21.9.18

BRUCE SPRINGSTEEN: Westbury Music Fair, Jericho NY, March 1975


I was lucky enough to see Bruce Springsteen & The E Street Band five times before Born To Run was released, in Norfolk and Richmond, Virginia, in New York City at the Bottom Line club and the Academy of Music, and at the Westbury Music Fair, a theatre in Jericho on Long Island. I was reminded of this last occasion today when my Melody Maker review of the show popped up on Rock’s Back Pages, so I’m taking the liberty of cut and pasting it into Just Backdated.
         I remember the occasion well. I was driven there by Peter Philbin, Columbia International’s RR guy, a big Bruce fan who became a good friend of mine when I lived in New York as MM's US Editor. Weirdly, the gig was on a revolving stage in the centre of a room that held about 1,800 people. I don’t think it was sold out. The other thing I remember was that the place was run by Italian gangsters, and that the backstage area was patrolled by these olive skinned men in dark suits and ties with bulging shoulders, all of whom looked like extras from The Godfather. Philbin recognised this before I did and advised me not to make eye contact with them. We went backstage to chat with Bruce after the show but, as ever, he was tight-lipped, pre-occupied with the issues surrounding the release of Born To Run, of course.
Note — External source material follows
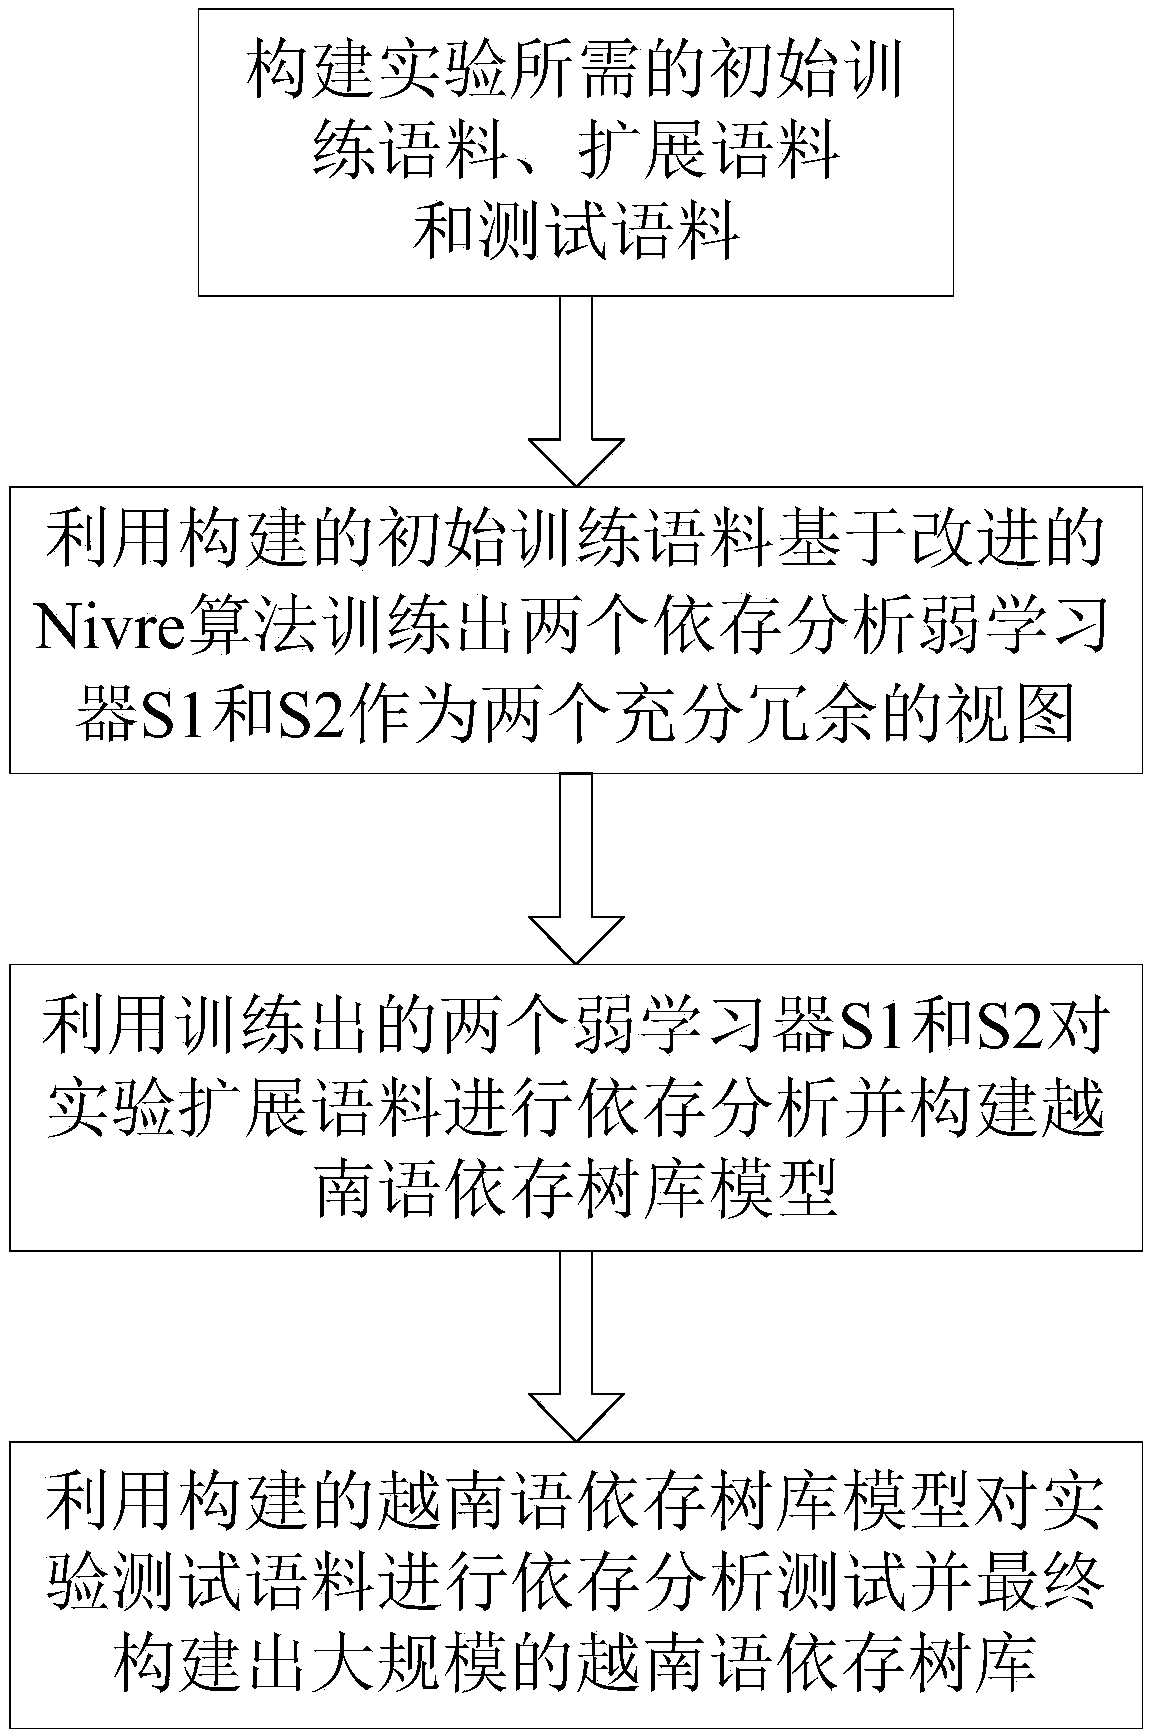 A Method of Constructing Vietnamese Dependency Treebank Based on Improved Nivre Algorithm

I wasn't to know this as the dispute between his manager Mike Appel and future producer and manager Jon Landau had yet to break out into the open. 
         Here is the review I wrote for Melody Maker, virtually unchanged. (I still think ‘Sandy’ is one of the most moving songs he has ever written by the way.)


Bruce Springsteen, an artist whose talent has inspired respected critics to fawn like teenage groupies, took over the revolving stage of the Westbury Music Fair last weekend and showed yet again why one critic opined that the future of rock and roll rested on Bruce's bony shoulders.
         Eschewing the usual sleeveless tee-shirt in favour of a rumpled rugby sweater, and abandoning his fifties style shades, he led his band through a two and a half hour set that included a couple of two-song encores. Or was it three? By that time Bruce had virtually boiled over and taken the audience with him. Details get a little hazy at times like this.
         Since I last saw him, Bruce has found a new drummer, Max Weinberg, and piano player, Roy Bittan, and added a shapely violinist called Suki Lahav who not only improves the aesthetics of the set, but also adds considerably to the crushing atmosphere that Springsteen, street poet extraordinaire, is capable of creating. Unfortunately, I was informed, it was her last gig with the E Street Band.
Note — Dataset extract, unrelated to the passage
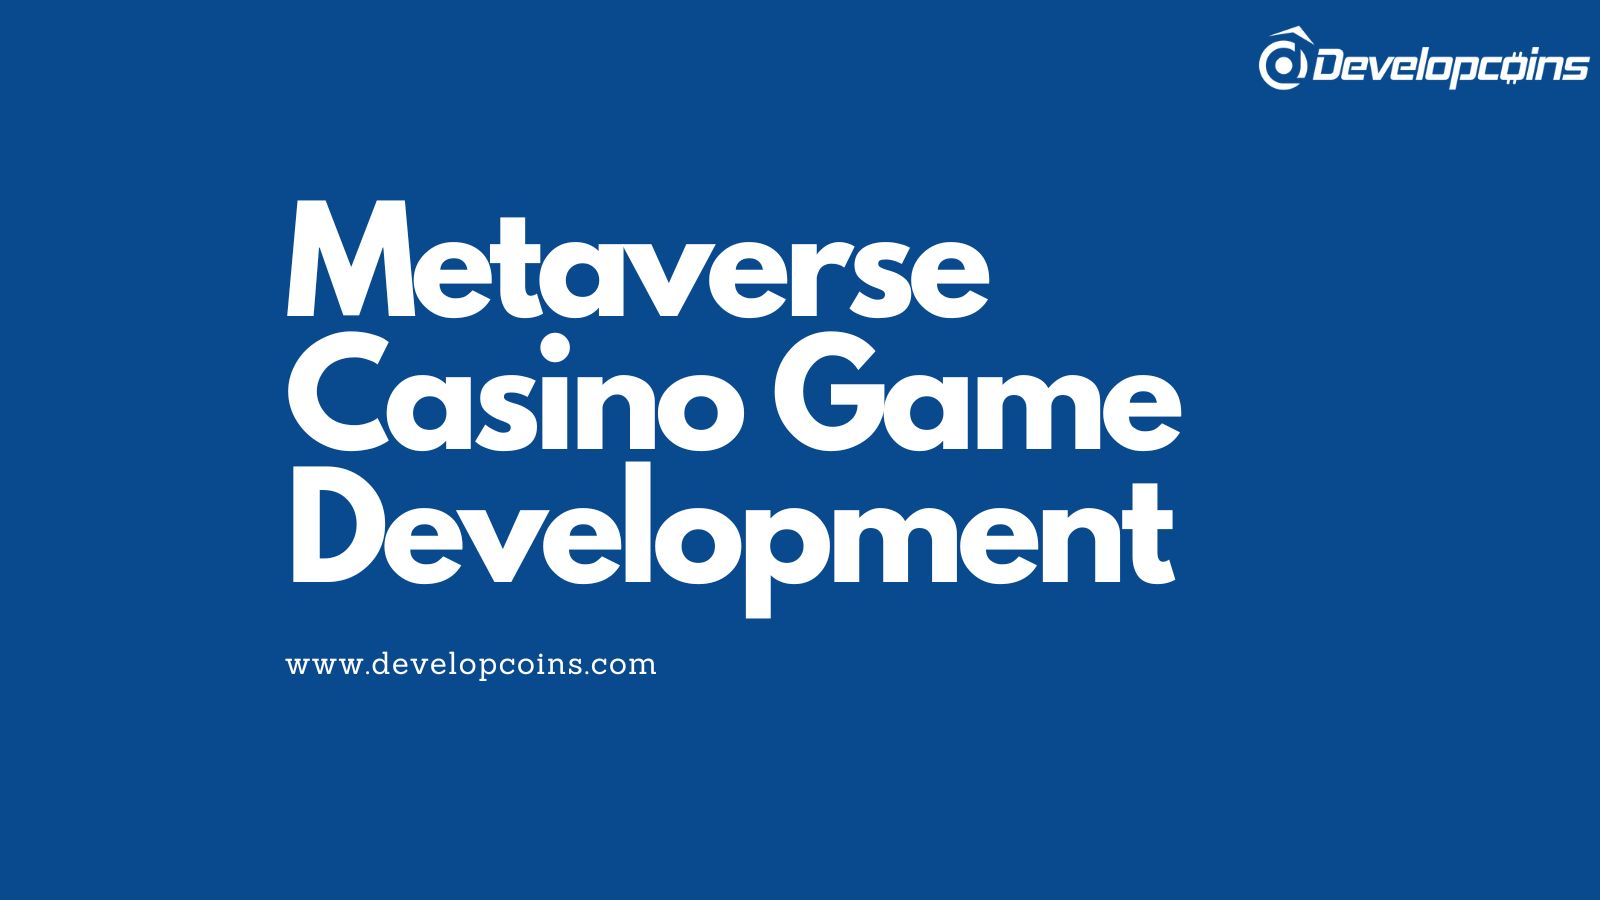 Metaverse Casino Game Development - A Modernized Way To Gamble

(I found this picture on line, the only one I could find with Bruce and Suki on stage together)

         Springsteen's material alternates between whispered verses about kids growing up in New York and the surrounding area, and hard driven rock music propelled for the most part by Clarence Clemons, the giant black reed player, who rasps through his three horns in that old King Curtis manner.
         As a guitarist, Springsteen is more of a rock and roller than romantic poet. But his crazy movements back and forth, deliberately knock-kneed at times, are always fun to watch. This time, he jumped up rather precariously onto the organ midway through his encore of Presley's ‘Wear My Ring’.
         For me, the highlight of the set was not so much the hysterics at the end, but Bruce's first encore, the super-emotional ‘4th of July, Asbury Park (Sandy)’ with its French accordion and whispered passages about boardwalks, beaches and sea-side bars. Bruce altered the words slightly so that Hells Angels came riding in at one point, but ‘Sandy’ remained essentially intact, one of the most moving pieces he has written.
         He’s overdue for a third album, and Columbia are scratching their heads about what to do with their prodigy from Asbury Park. On Sunday’s showing, it’ll just be a matter of time before Springsteen is acclaimed by the people as well as the critics.


1 comment:

  1. I was there...First time I saw him on a date & was hooked ever since!